_RECORD EXCERPTS_:
▬▬▬▬▬▬

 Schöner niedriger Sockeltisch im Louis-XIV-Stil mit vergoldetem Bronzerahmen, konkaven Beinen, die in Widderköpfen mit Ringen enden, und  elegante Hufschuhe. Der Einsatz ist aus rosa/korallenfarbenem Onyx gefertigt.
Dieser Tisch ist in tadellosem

▬▬▬▬▬▬

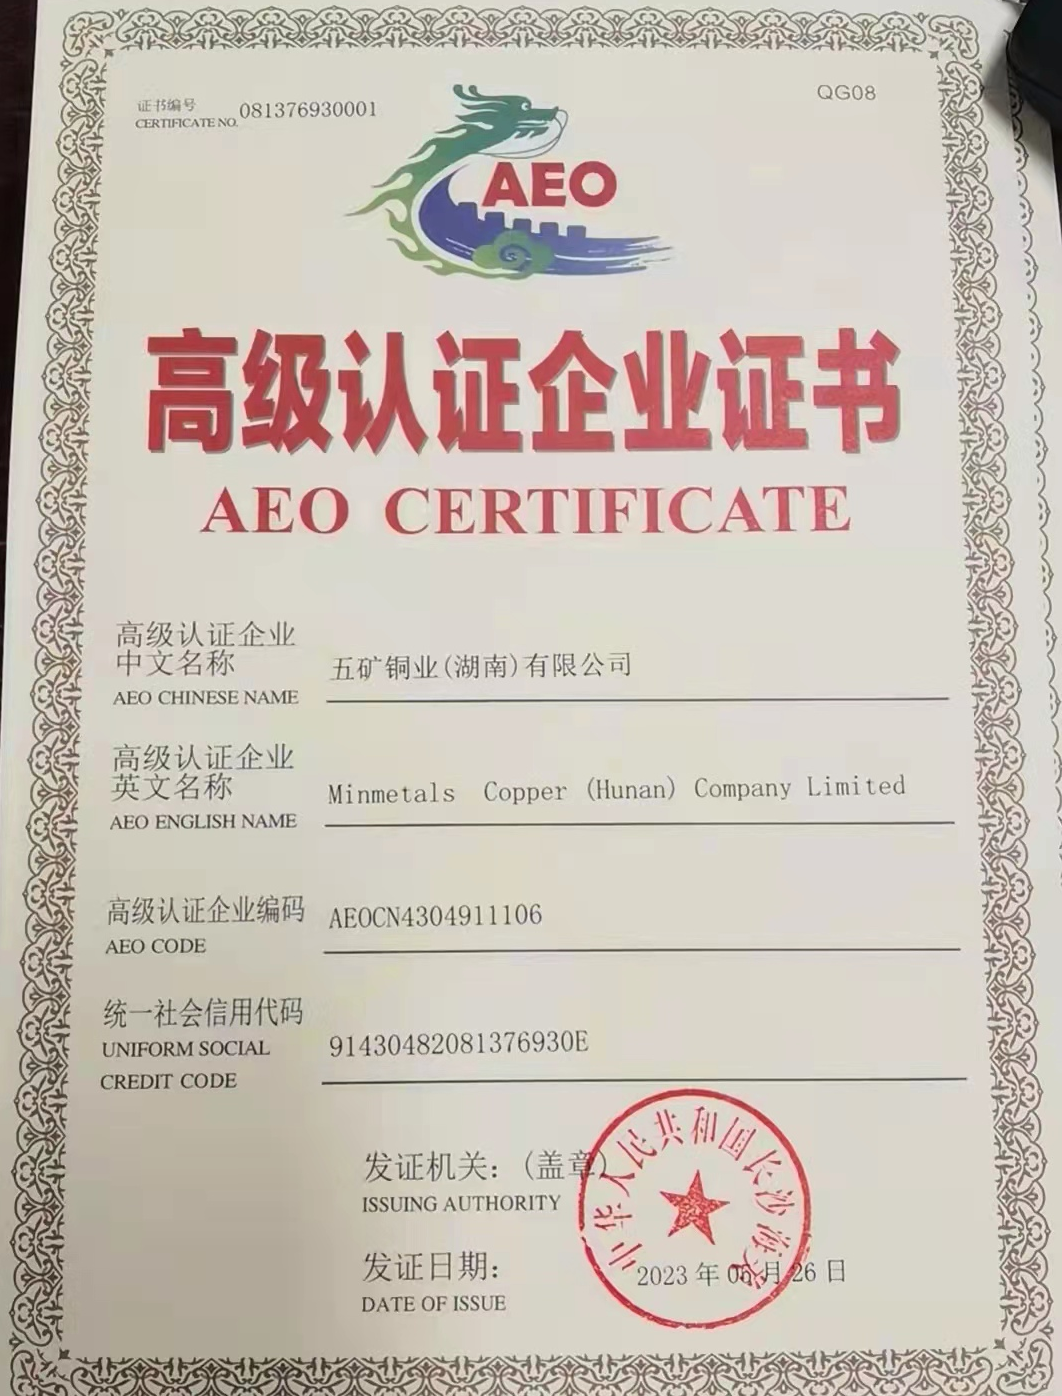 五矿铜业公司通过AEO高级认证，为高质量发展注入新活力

▬▬▬▬▬▬

Give back, exactly as written, the stretch from the line with "Schöner niedriger Sockeltisch" through the line with "Dieser Tisch ist in tadellosem", and no other lines from the records above.

_SOLVED PROBLEM_:
 Schöner niedriger Sockeltisch im Louis-XIV-Stil mit vergoldetem Bronzerahmen, konkaven Beinen, die in Widderköpfen mit Ringen enden, und  elegante Hufschuhe. Der Einsatz ist aus rosa/korallenfarbenem Onyx gefertigt.
Dieser Tisch ist in tadellosem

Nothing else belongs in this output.